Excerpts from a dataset
================
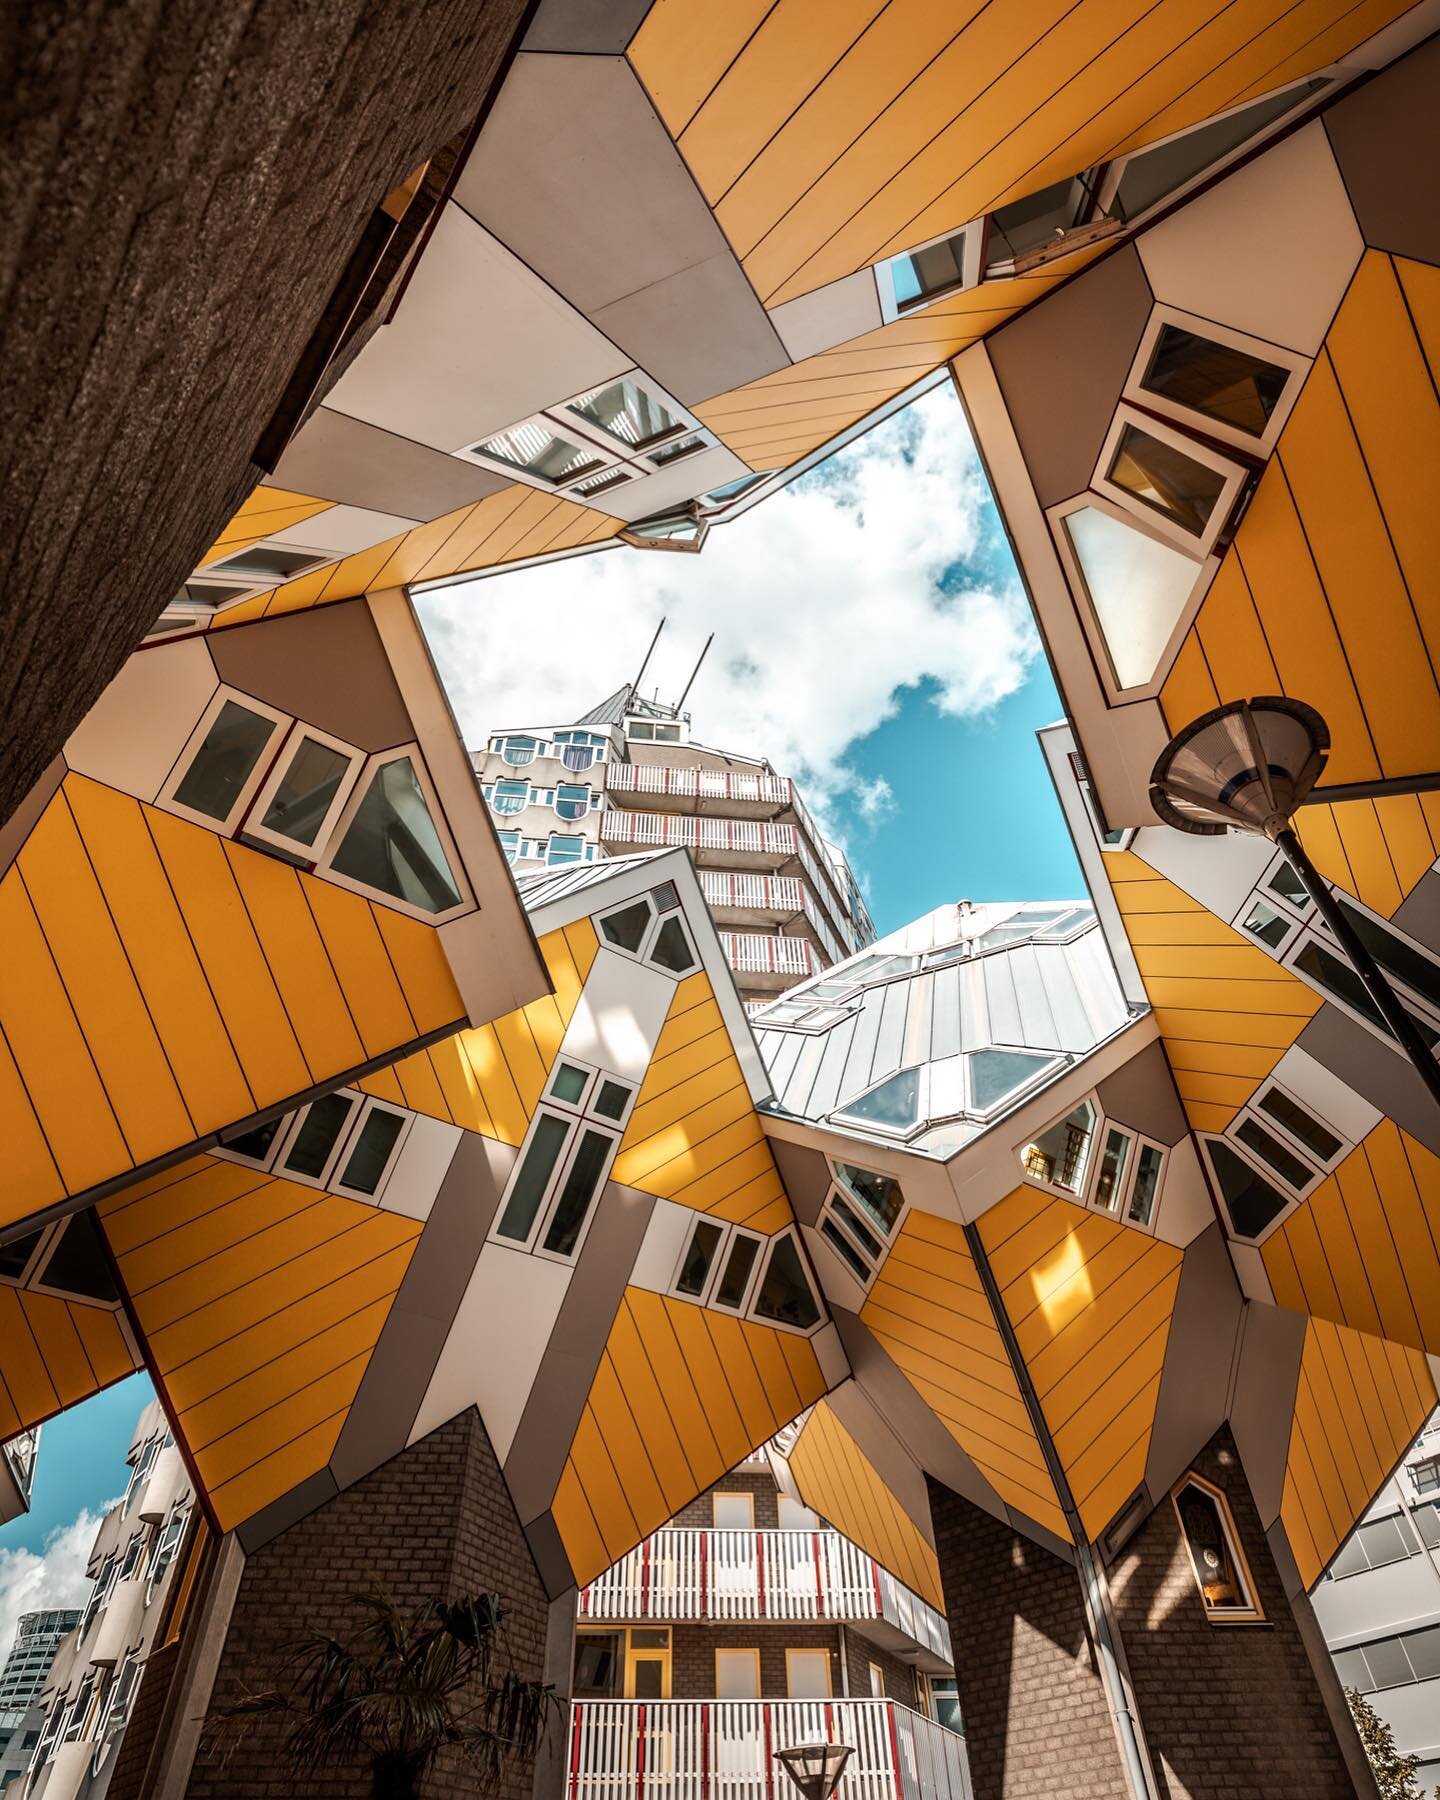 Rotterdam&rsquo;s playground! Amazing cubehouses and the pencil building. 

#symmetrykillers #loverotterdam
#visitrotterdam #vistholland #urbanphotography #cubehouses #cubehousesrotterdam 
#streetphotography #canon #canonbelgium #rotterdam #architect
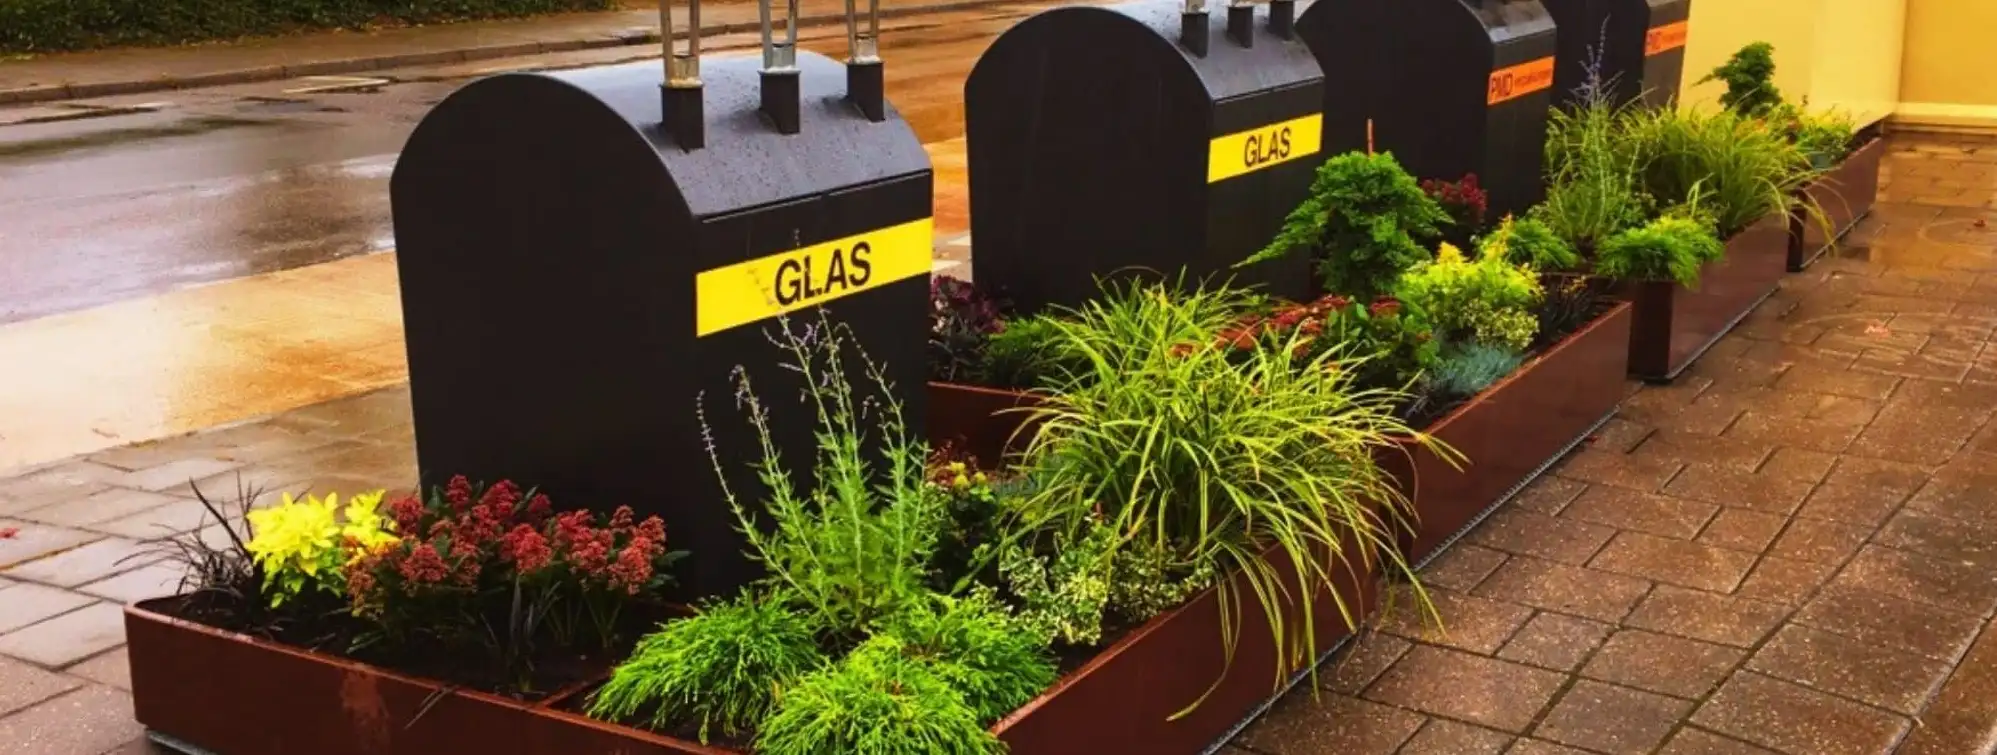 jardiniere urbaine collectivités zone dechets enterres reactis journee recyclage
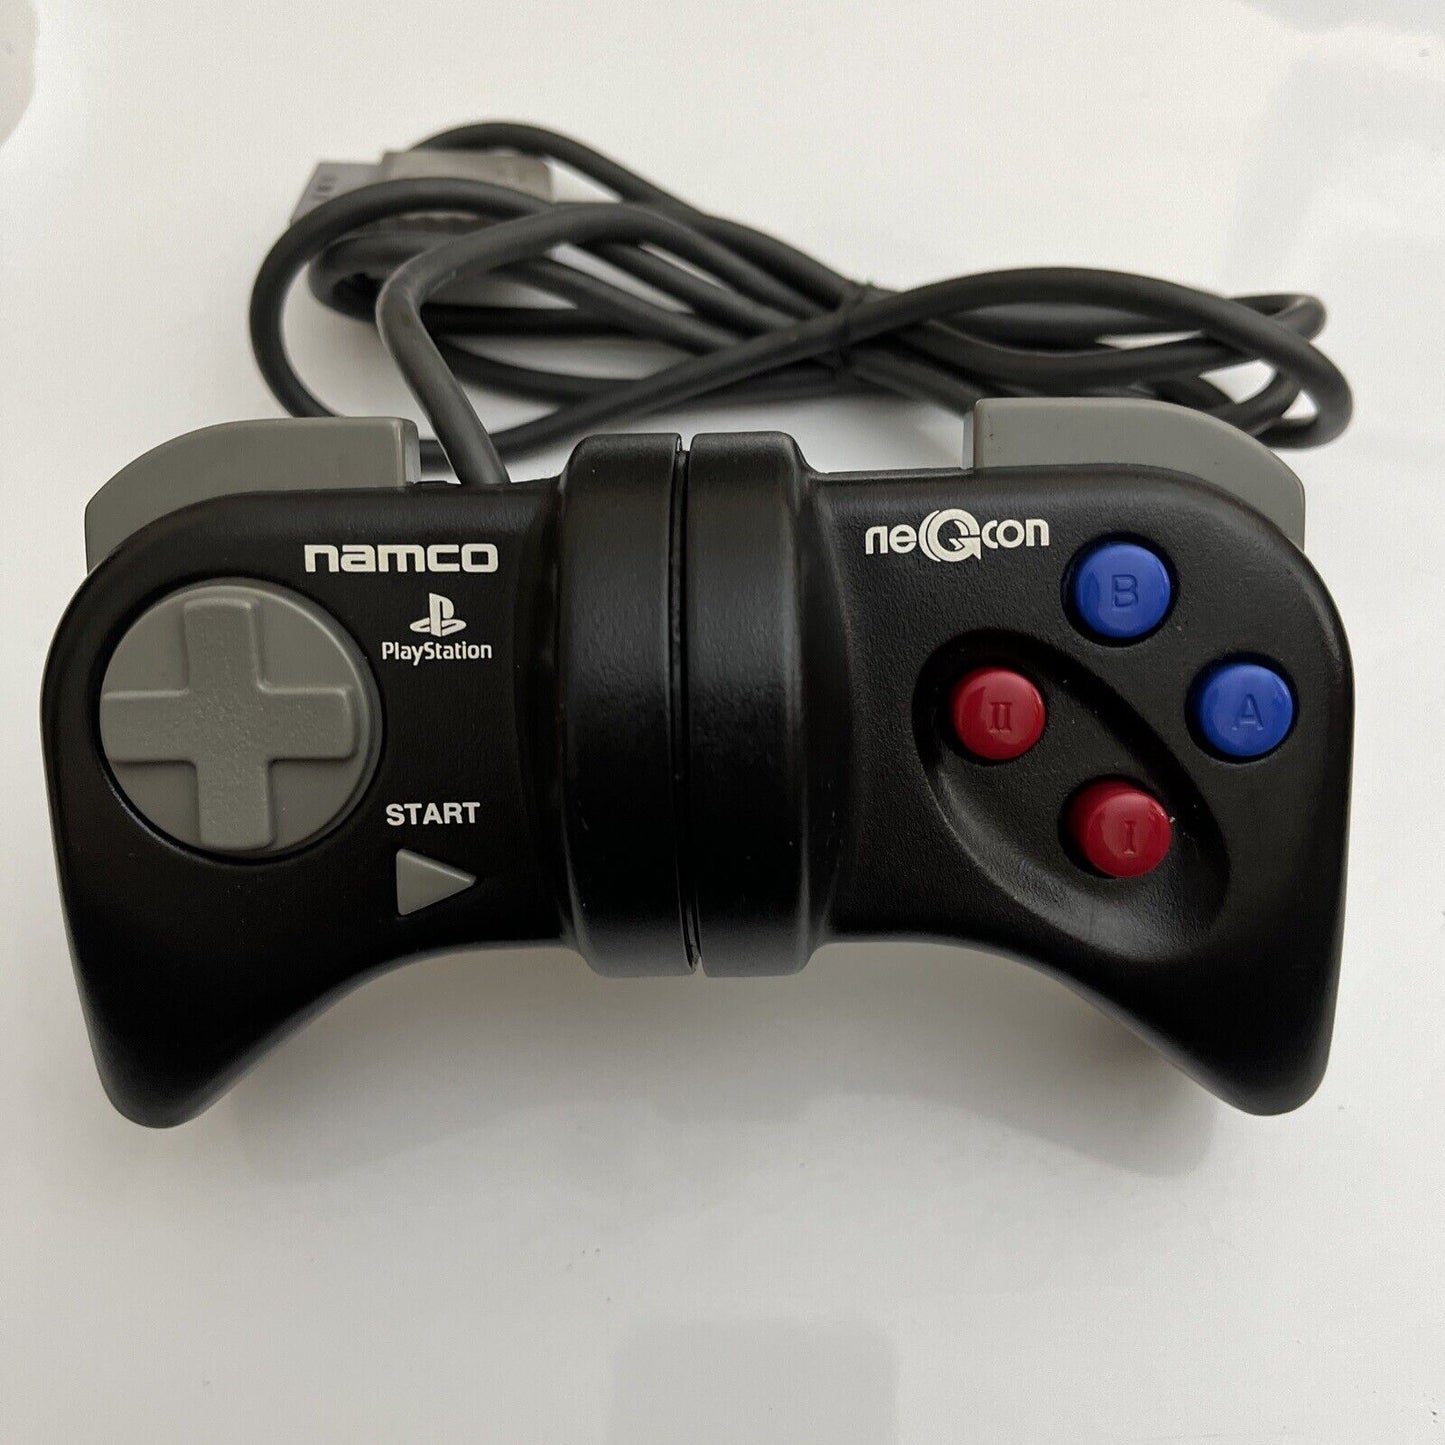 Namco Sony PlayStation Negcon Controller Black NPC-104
================
:: INSTRUCTIONS TO FOLLOW ::
From the line with "#visitrotterdam #vistholland #urbanphotography" to the last line above, restate each line word for word, but skip the pictures.

:: YOUR RESPONSE ::
#visitrotterdam #vistholland #urbanphotography #cubehouses #cubehousesrotterdam 
#streetphotography #canon #canonbelgium #rotterdam #architect
 jardiniere urbaine collectivités zone dechets enterres reactis journee recyclage
 Namco Sony PlayStation Negcon Controller Black NPC-104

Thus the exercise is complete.